Apply the same procedure as step 1

$$\begin{gathered} {\mathrm{f}}_3(\mathrm{x},\mathrm{y})=\mathrm{x}-\mathrm{y} \\ {\mathrm{f}}_4(\mathrm{x},\mathrm{y})=\mathrm{y}-\mathrm{x} \end{gathered}$$

The recursive formula is

$$\begin{gathered} {\mathrm{x}}_{\mathrm{n}+1}={\mathrm{x}}_{\mathrm{n}}+\mathrm{h} \\ {\mathrm{y}}_{\mathrm{n}+1}={\mathrm{y}}_{\mathrm{n}}+\mathrm{hf}({\mathrm{x}}_{\mathrm{n}}+{\mathrm{y}}_{\mathrm{n}})+\frac{{\mathrm{h}}^2}{2!}{\mathrm{f}}_2({\mathrm{x}}_{\mathrm{n}}+{\mathrm{y}}_{\mathrm{n}})+.....\frac{{\mathrm{h}}^{\mathrm{p}}}{\mathrm{p}!}{\mathrm{f}}_{\mathrm{p}}({\mathrm{x}}_{\mathrm{n}}+{\mathrm{y}}_{\mathrm{n}}) \\ {\mathrm{x}}_{\mathrm{n}+1}={\mathrm{x}}_{\mathrm{n}}+0.25 \\ {\mathrm{y}}_{\mathrm{n}+1}={\mathrm{y}}_{\mathrm{n}}+0.25({\mathrm{x}}_{\mathrm{n}}+1-{\mathrm{y}}_{\mathrm{n}})+\left(\frac{{\displaystyle {\left(0.25\right)}^2}}{2}\right)({\mathrm{y}}_{\mathrm{n}}-{\mathrm{x}}_{\mathrm{n}}) \end{gathered}$$

Where starting points are ${\mathrm{x}}_{\mathrm{o}}=0,{\mathrm{y}}_0=1$.

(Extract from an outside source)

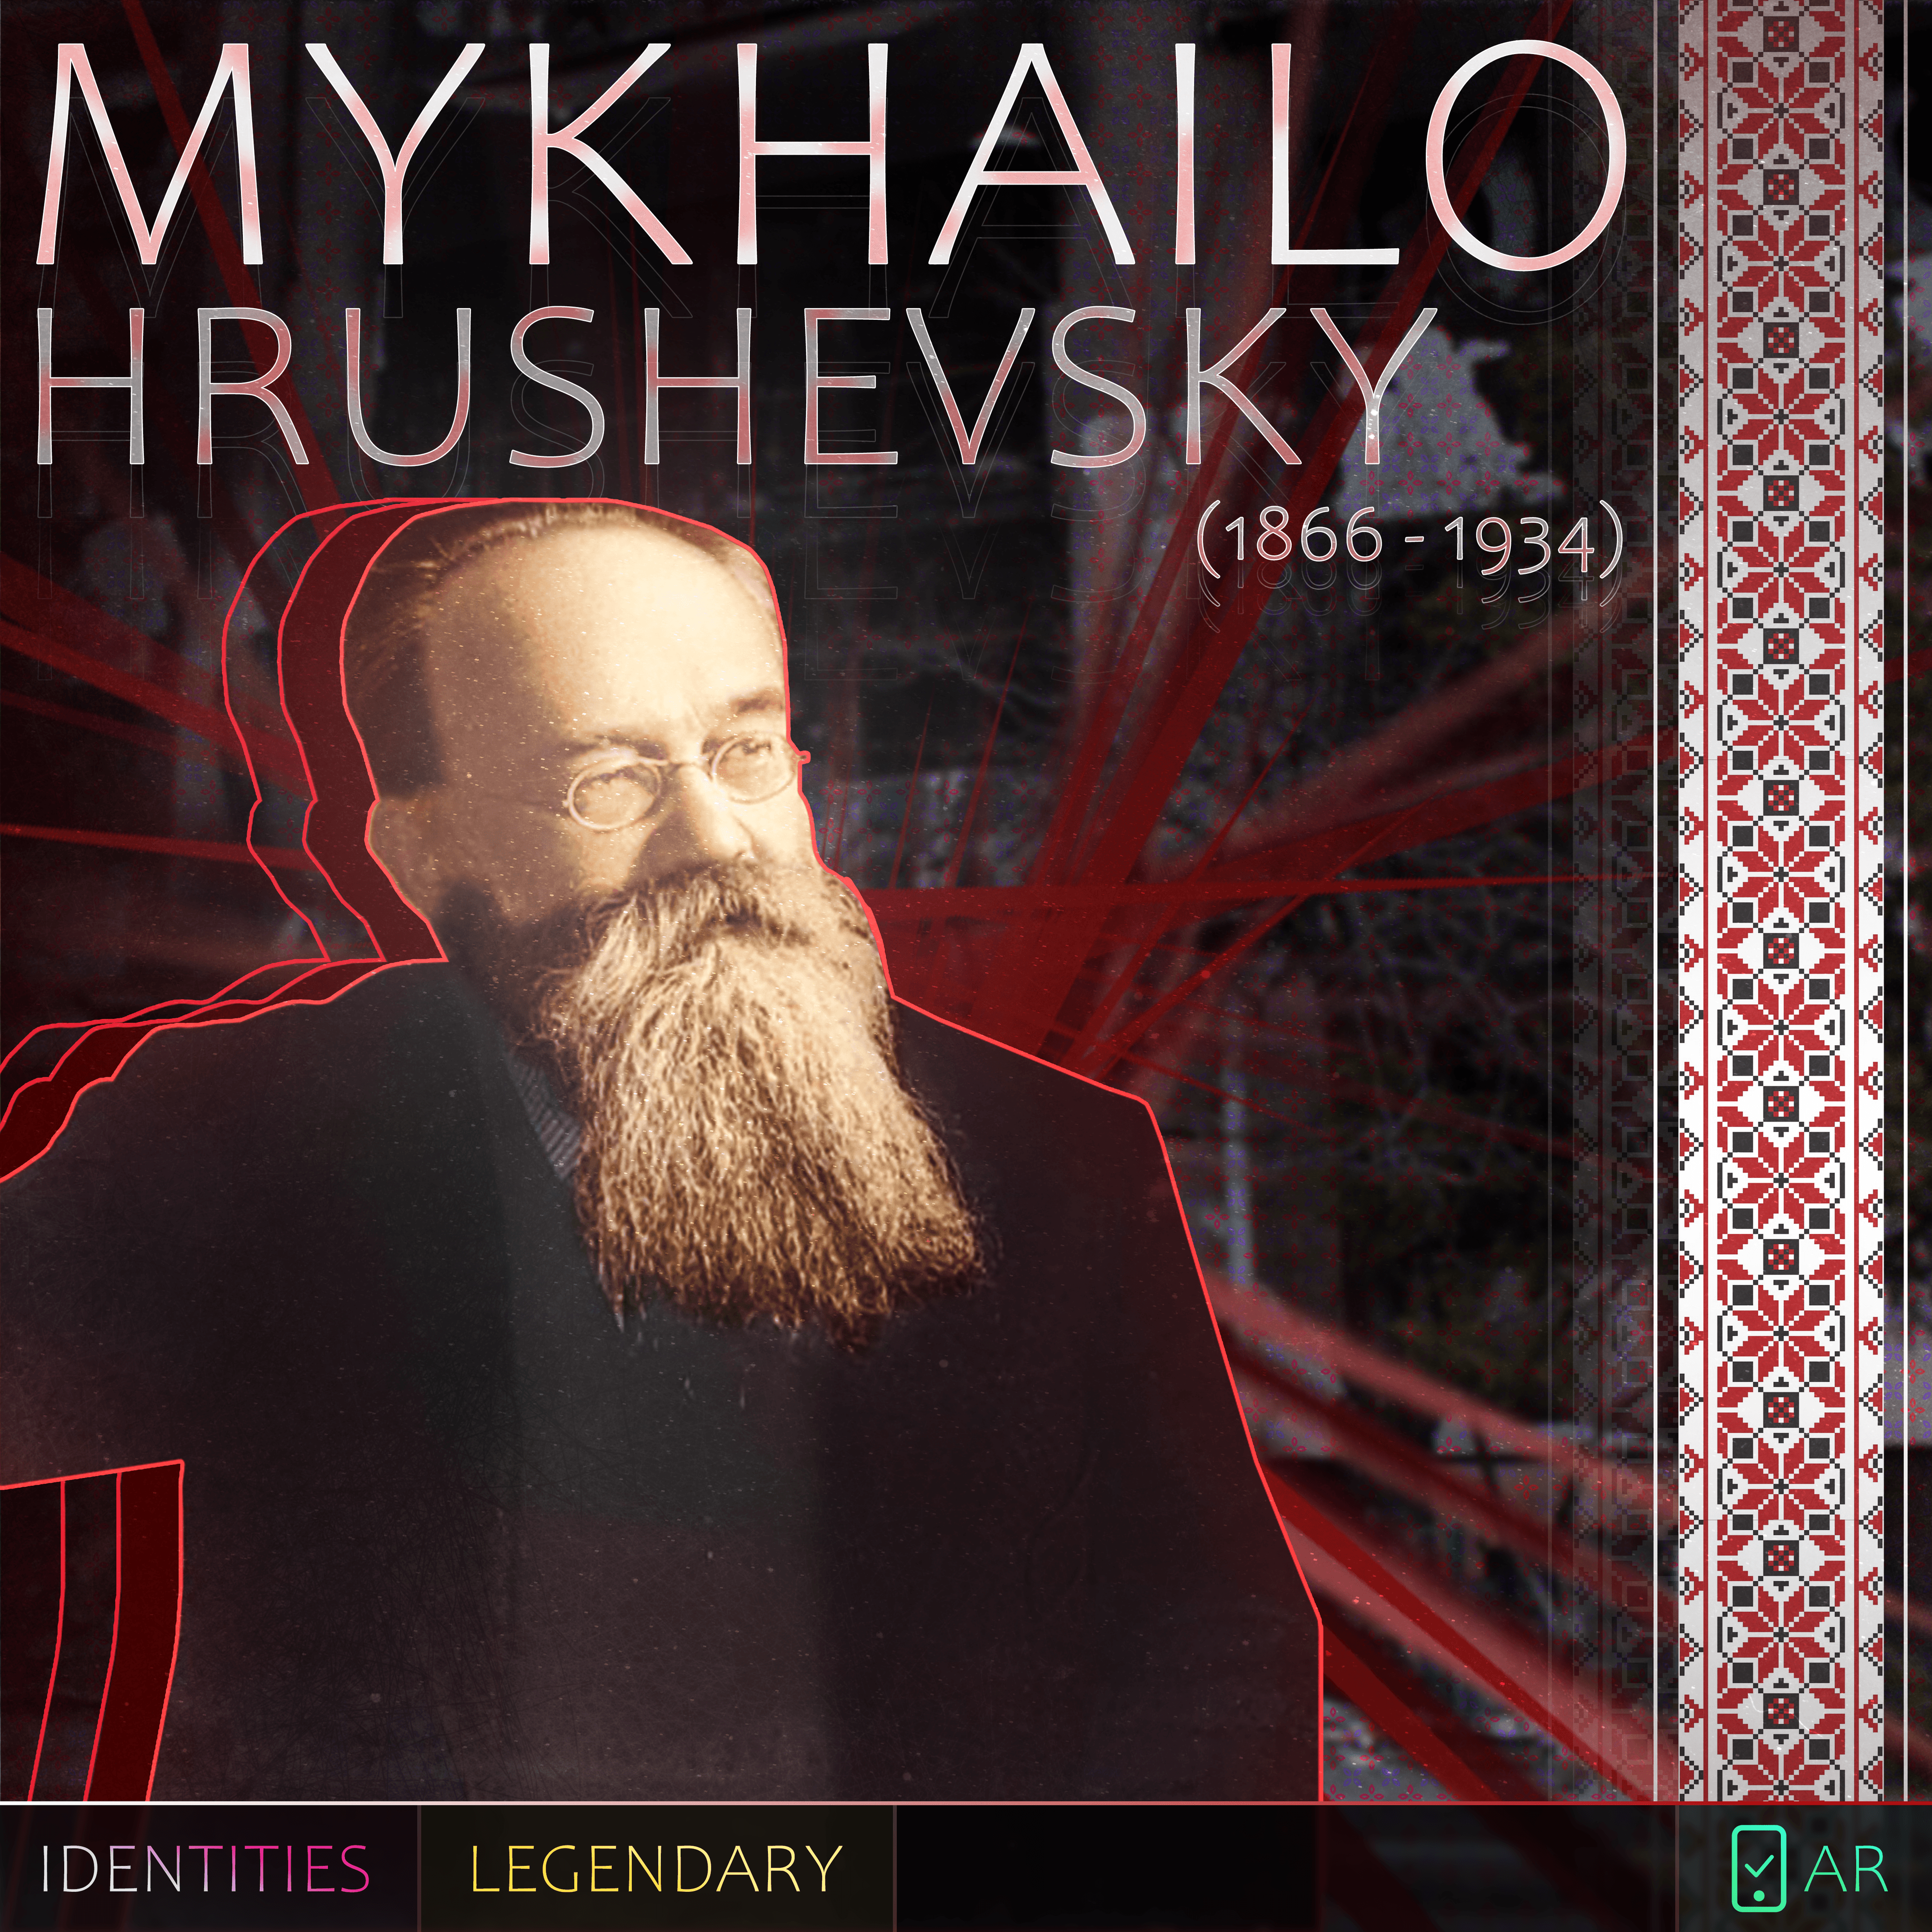 Mykhailo Hrushevsky

$$\begin{gathered} {\mathrm{x}}_1=0.25 \\ {\mathrm{y}}_1=1.03125 \end{gathered}$$

Put all these values in recursive formulas for the other values.

$$\begin{gathered} {\mathrm{x}}_2=0.5 \\ {\mathrm{y}}_2=1.11035 \\ {\mathrm{x}}_3=0.75 \\ {\mathrm{y}}_3=1.22684 \\ {\mathrm{x}}_4=1 \\ {\mathrm{y}}_4=1.11035 \end{gathered}$$

Therefore, the approximation of the solution by the Taylor method of order 2 at point

x = 1

${\varphi }_2\left(1\right)=1.3725$

$$\begin{gathered} {\mathrm{x}}_{\mathrm{n}+1}={\mathrm{x}}_{\mathrm{n}}+0.25 \\ {\mathrm{y}}_{\mathrm{n}+1}={\mathrm{y}}_{\mathrm{n}}+0.25({\mathrm{x}}_{\mathrm{n}}+1-{\mathrm{y}}_{\mathrm{n}})+\left(\frac{{\displaystyle {\left(0.25\right)}^2}}{2}\right)({\mathrm{y}}_{\mathrm{n}}-{\mathrm{x}}_{\mathrm{n}})+\frac{\left(0.{25}^3\right)}{6}({\mathrm{x}}_{\mathrm{n}}-{\mathrm{y}}_{\mathrm{n}})+\frac{{\left(0.25\right)}^4}{24}({\mathrm{y}}_{\mathrm{n}}-{\mathrm{x}}_{\mathrm{n}}) \end{gathered}$$

Where starting points are ${\mathrm{x}}_{\mathrm{o}}=0,{\mathrm{y}}_0=1$.

$$\begin{gathered} {\mathrm{x}}_1=0.25 \\ {\mathrm{y}}_1=1.02881 \end{gathered}$$

Put all these values in recursive formulas for the other values.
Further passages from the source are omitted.